# [Recorded information]
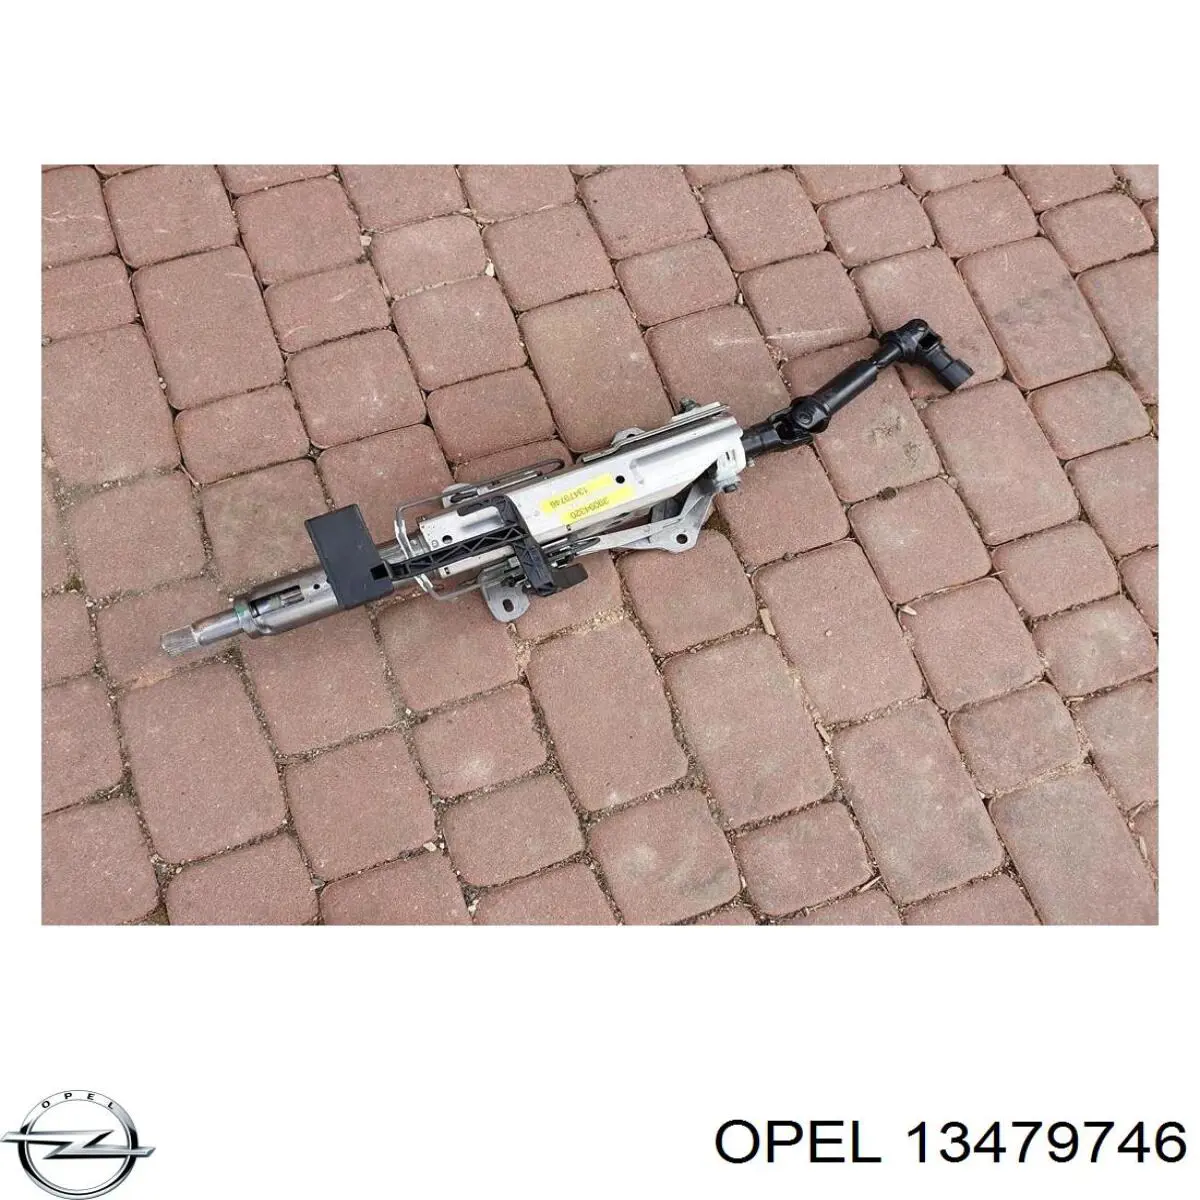 13479746 Opel вал рулевой колонки нижний
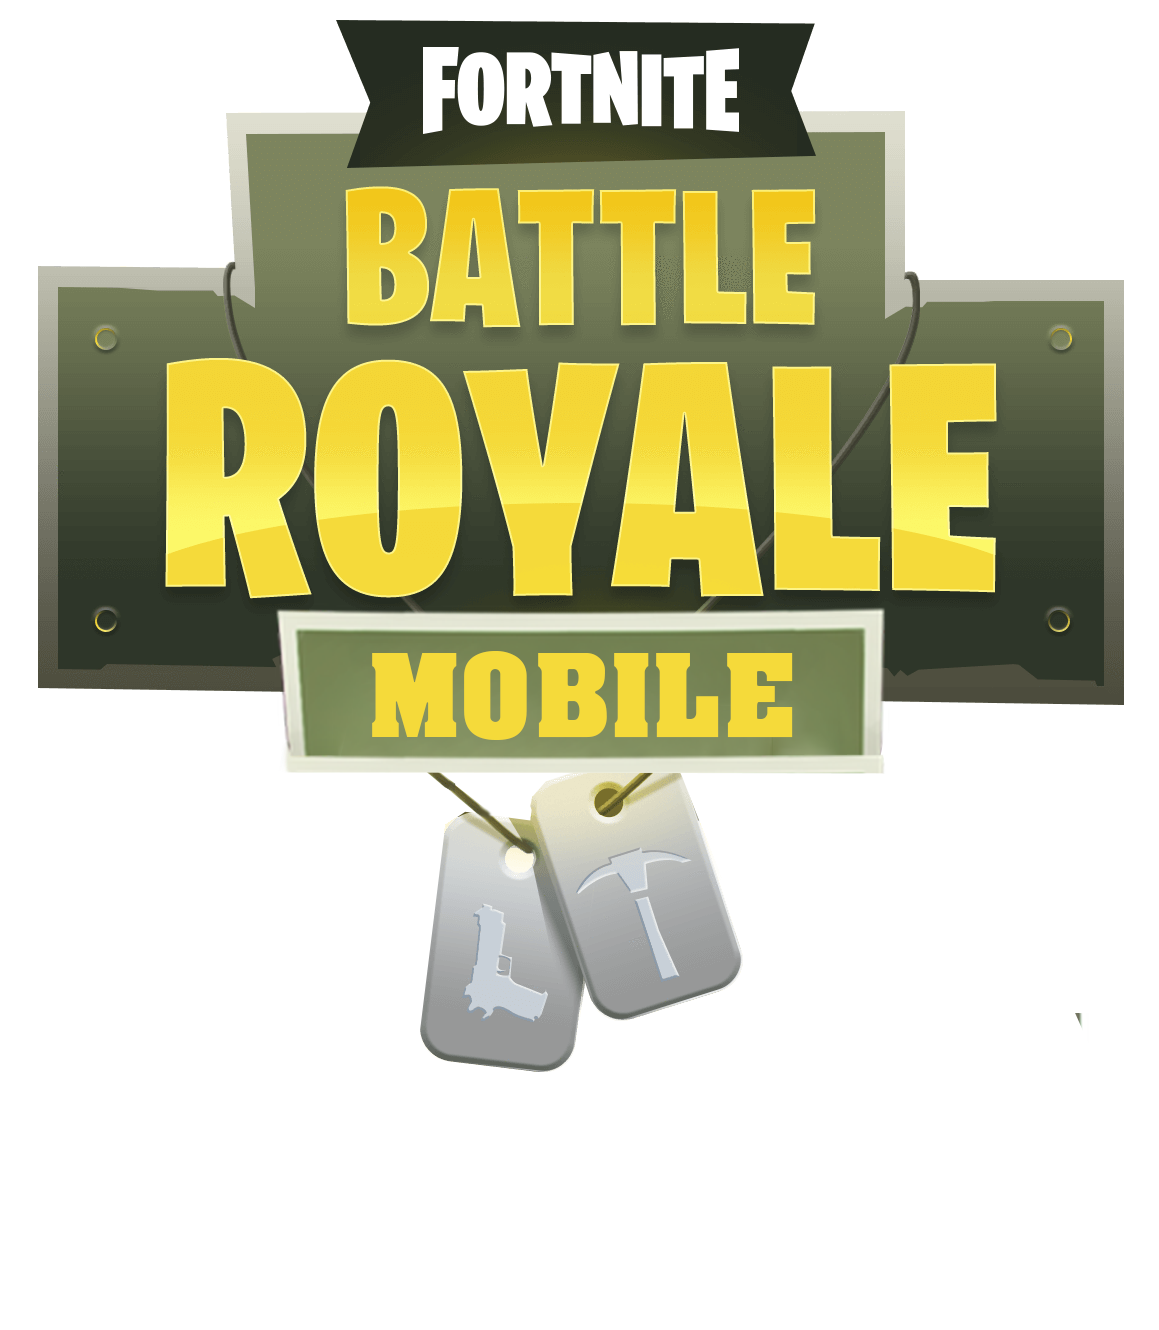 Download Fortnite Mobile Logo PNG Image for Free
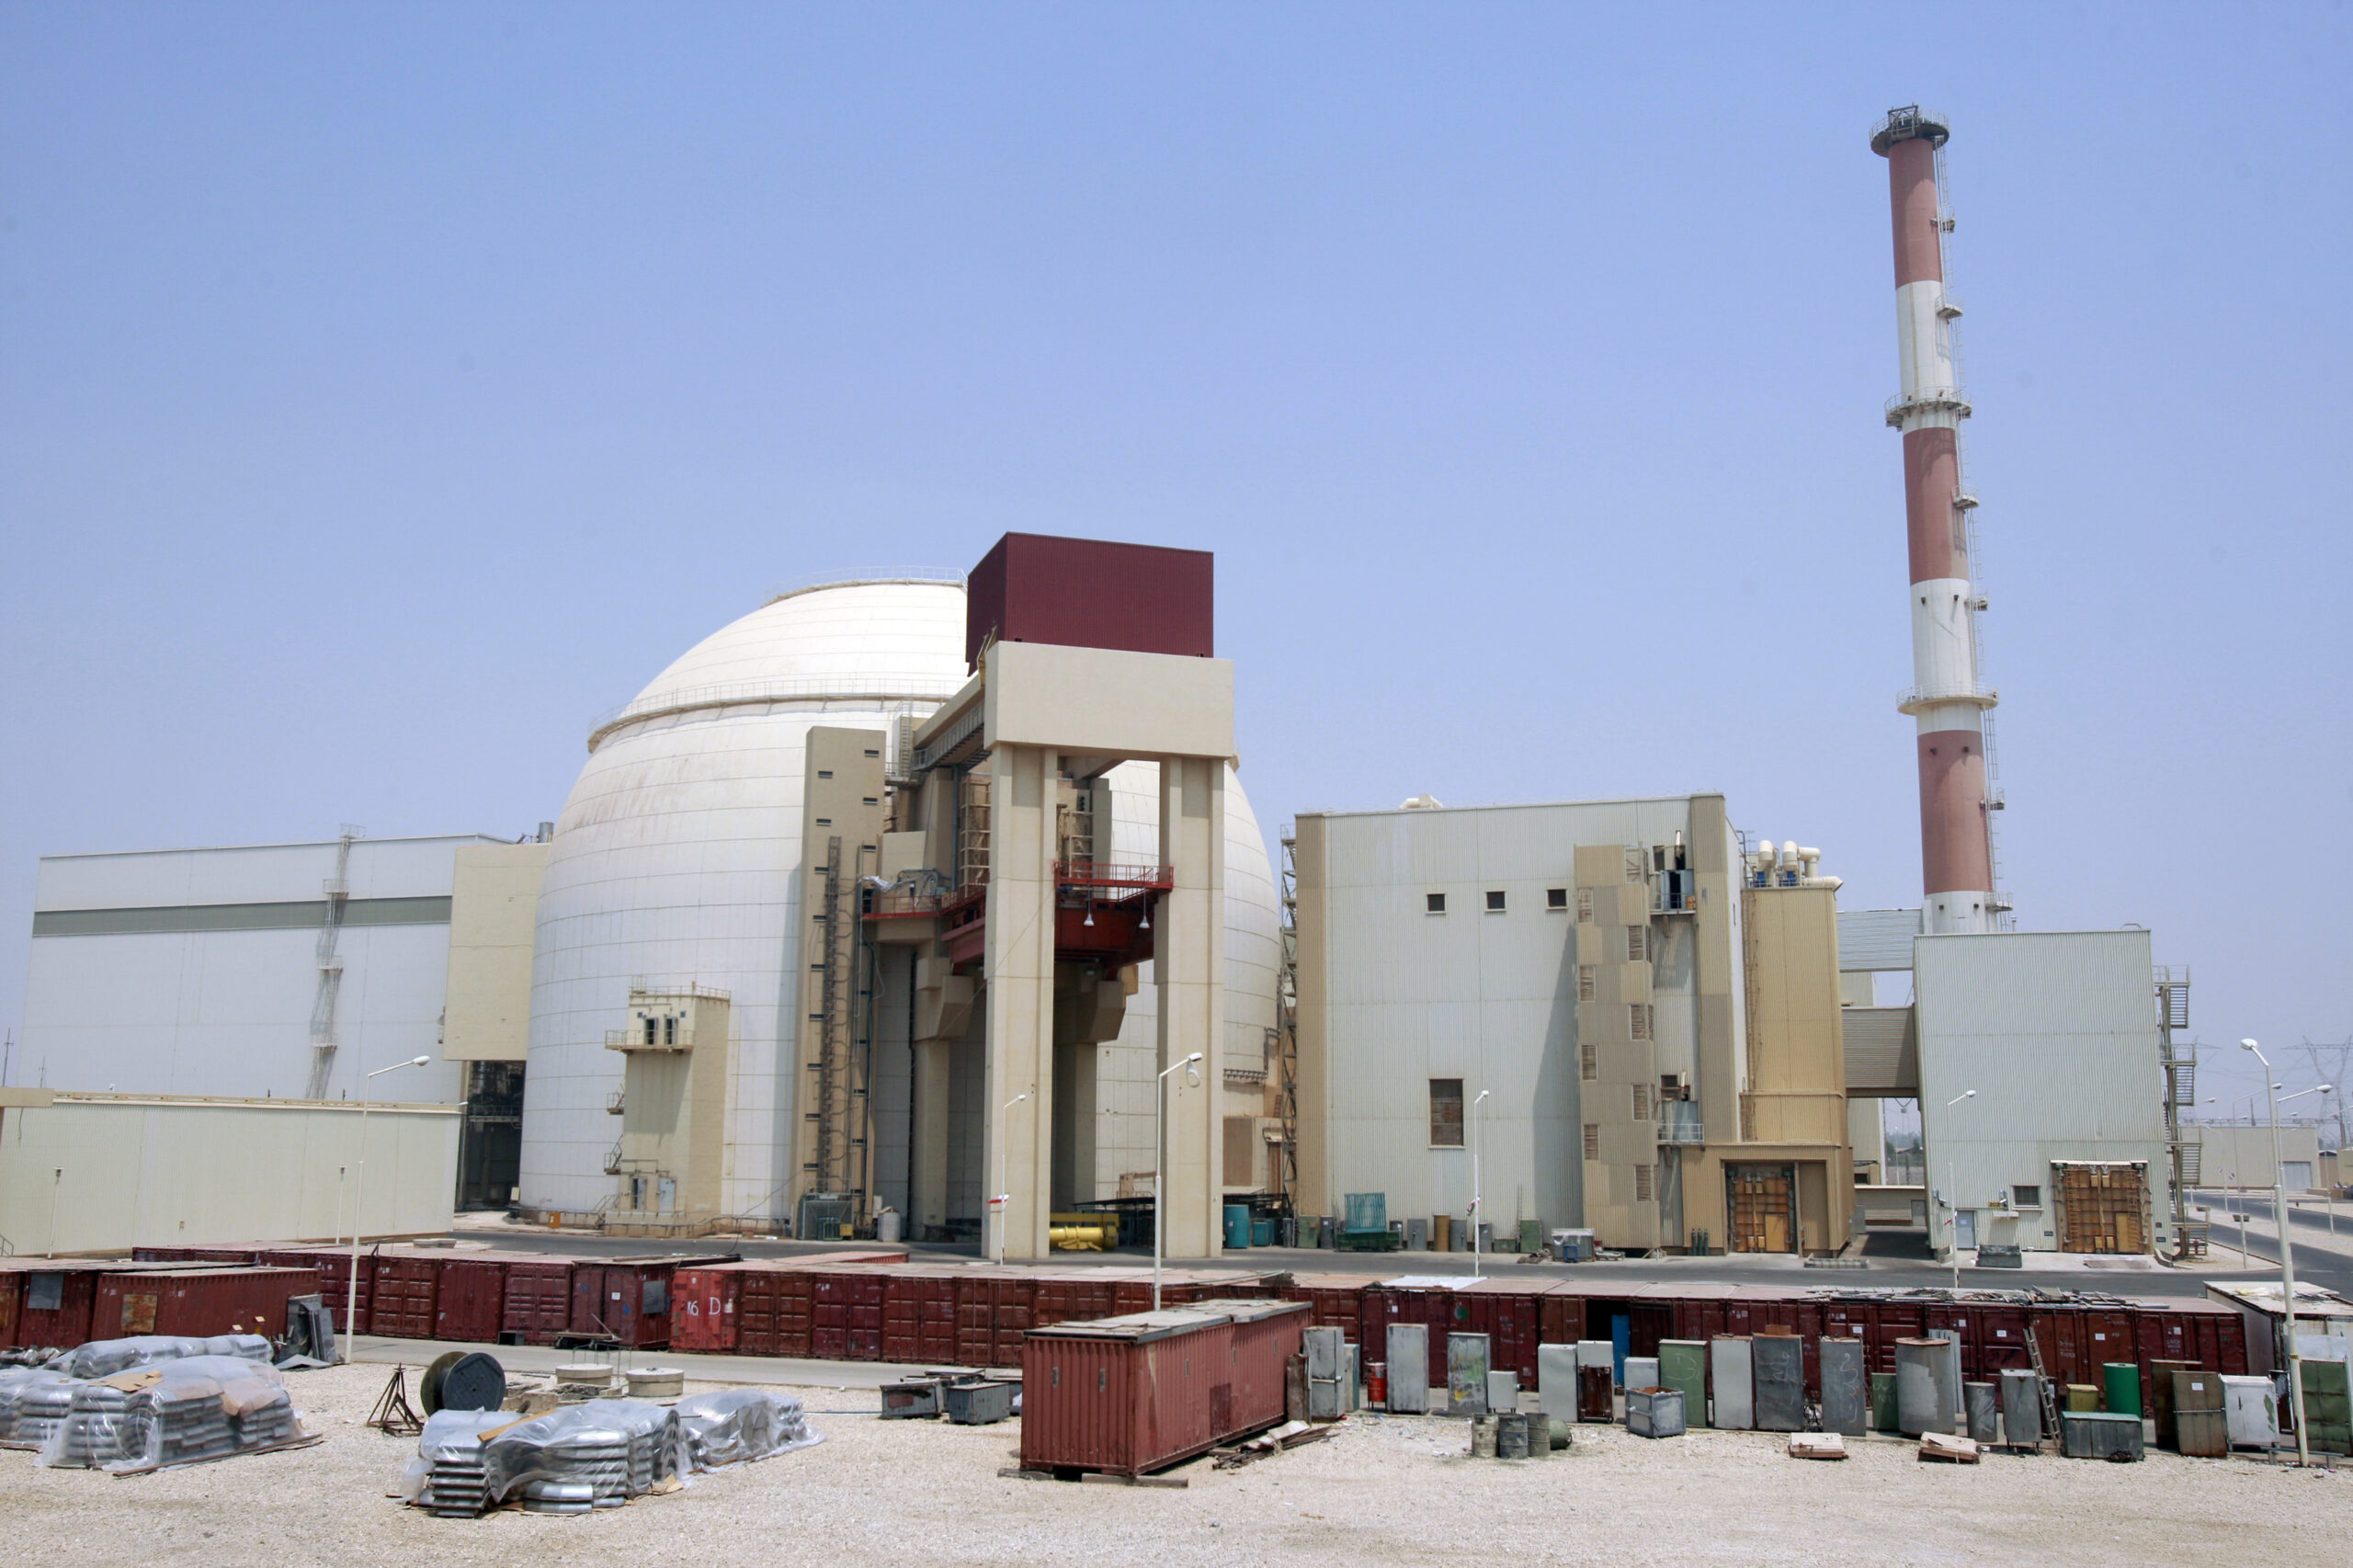 Eκτός λειτουργίας λόγω "τεχνικής βλάβης" o πυρηνικός σταθμός Μπουσέρ στο Ιράν

# [Try it]
Beginning at the line that contains "Download Fortnite Mobile" and ending at the last line of the data, return each line exactly; no picture belongs in the copy.

# [Exercise response]
 Download Fortnite Mobile Logo PNG Image for Free
 Eκτός λειτουργίας λόγω "τεχνικής βλάβης" o πυρηνικός σταθμός Μπουσέρ στο Ιράν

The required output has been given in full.